* **DATASET CONTENT**:
[Start of Attachment]
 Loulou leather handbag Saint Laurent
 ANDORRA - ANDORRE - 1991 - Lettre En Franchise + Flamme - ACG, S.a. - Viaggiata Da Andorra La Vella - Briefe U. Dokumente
[End of Attachment]
[Start of Attachment]
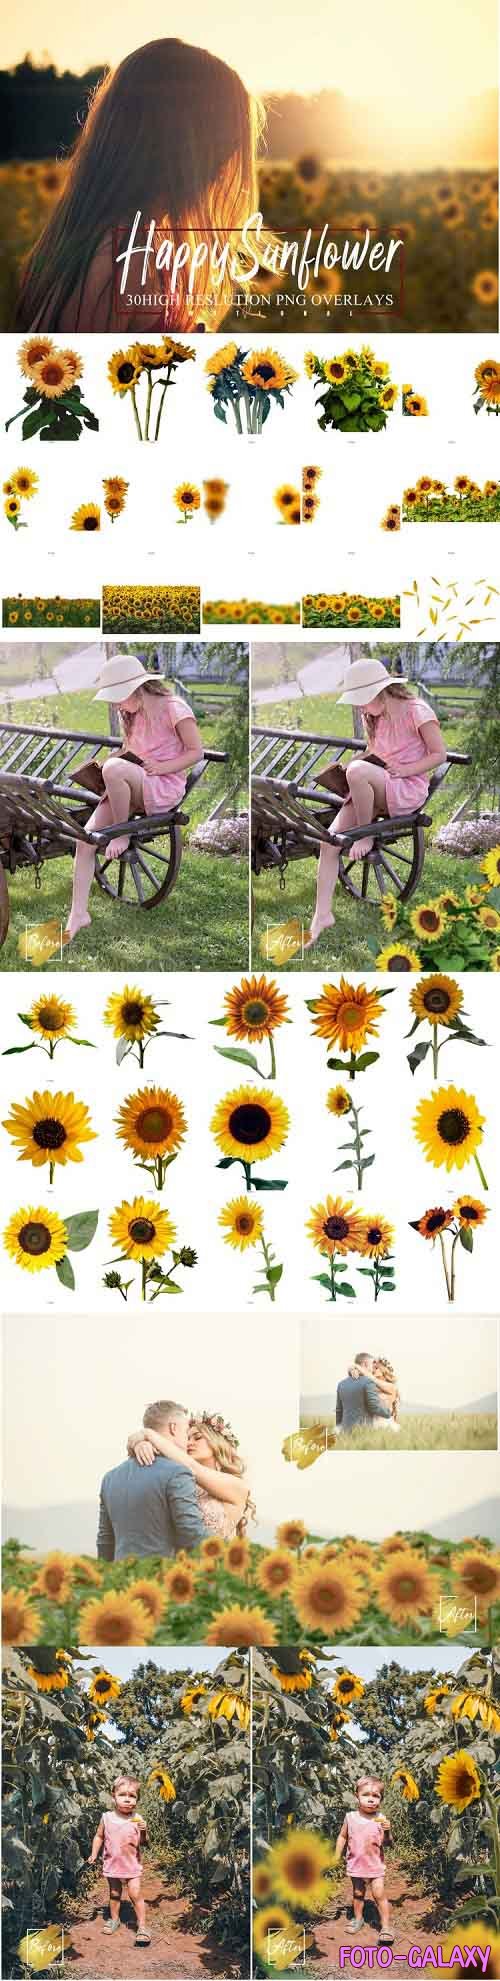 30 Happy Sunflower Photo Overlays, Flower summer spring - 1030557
[End of Attachment]
* **WHAT IS EXPECTED**: Every line above from the line with "Loulou leather handbag Saint Laurent" to the line with "ANDORRA - ANDORRE", inclusive, must be returned exactly; no other line belongs in the reply.

* **YOUR SOLUTION**:
 Loulou leather handbag Saint Laurent
 ANDORRA - ANDORRE - 1991 - Lettre En Franchise + Flamme - ACG, S.a. - Viaggiata Da Andorra La Vella - Briefe U. Dokumente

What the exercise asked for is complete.